The value obtained must be used in the script’s INTEGRADA variable. If the motherboard or PCI bus is different, this identifier will change.

~/.local/bin/fix-audio-routing.sh
#!/bin/bash
# Immutable hardware address of the integrated sound card
INTEGRADA="alsa_output.pci-0000_0f_00.4"
# Absolute path to the PipeWire link control executable
PW_BIN="/usr/bin/pw-link"
# Duplicate the front left channel (FL) to the rear left channel (RL)
# Redirect errors to /dev/null in case the link is already established
$PW_BIN jdsp_@PwJamesDspPlugin_JamesDsp:output_FL ${INTEGRADA}.analog-surround-41:playback_RL 2>/dev/null
# Duplicate the front right channel (FR) to the rear right channel (RR)
$PW_BIN jdsp_@PwJamesDspPlugin_JamesDsp:output_FR ${INTEGRADA}.analog-surround-41:playback_RR 2>/dev/null
# Force injection of the left signal into the virtual subwoofer channel (LFE)
# This ensures consistency in the sub-frequency map managed by the matrix
$PW_BIN jdsp_@PwJamesDspPlugin_JamesDsp:output_FL ${INTEGRADA}.analog-surround-41:playback_LFE 2>/dev/null
# Exit successfully to avoid warnings in systemd
exit 0

Grant execute permissions to the script:

Terminal window
chmod +x ~/.local/bin/fix-audio-routing.sh

Step 4: Automation with user-level systemd

To have the configuration run automatically at login, create a user service unit.

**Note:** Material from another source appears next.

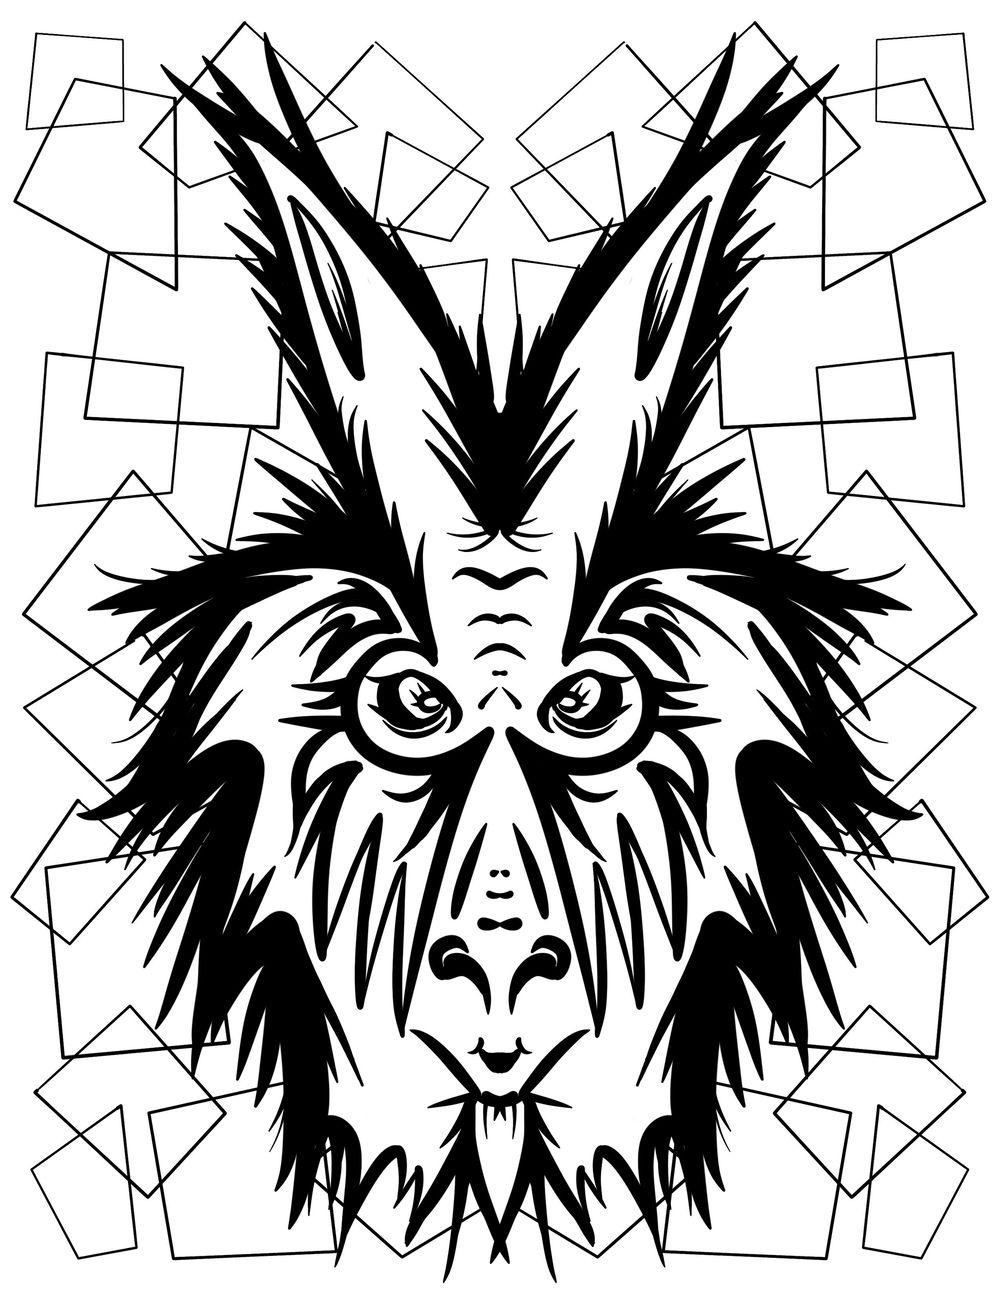 Sketchbook - image 6 - student project

Create the configuration file:

~/.config/systemd/user/dsp-routing.service
[Unit]
Description=4.1 channel cloning for Cambridge FPS2000
# Ensures the script runs after the sound server and the graphical session are ready
After=pipewire.service wireplumber.service graphical-session.target
[Service]
# Sets the type to oneshot, since this is a quick script that exits immediately
Type=oneshot
# Execution command using the %h macro, which resolves the user's home dynamically
ExecStart=%h/.local/bin/fix-audio-routing.sh
# Adds a 3-second delay to ensure JamesDSP has fully loaded
ExecStartPre=/bin/sleep 3
RemainAfterExit=yes
[Install]
# Links the service to the default target for user login
WantedBy=default.target

Run the following commands to register, enable, and start the service immediately:

Terminal window
# Reload the systemd daemon so it recognizes the new user unit
systemctl --user daemon-reload
# Enable the service so it runs automatically on every login
systemctl --user enable dsp-routing.service
# Start the service manually right now to activate the environment
systemctl --user start dsp-routing.service

To verify that it initialized correctly, check its status with:

Terminal window
systemctl --user status dsp-routing.service

It should show the status Active: active (exited) in green.

By moving the balance potentiometer knob (Fader) to the left or right, you can verify that the rear speakers are receiving signal correctly and that the subwoofer reproduces low frequencies evenly.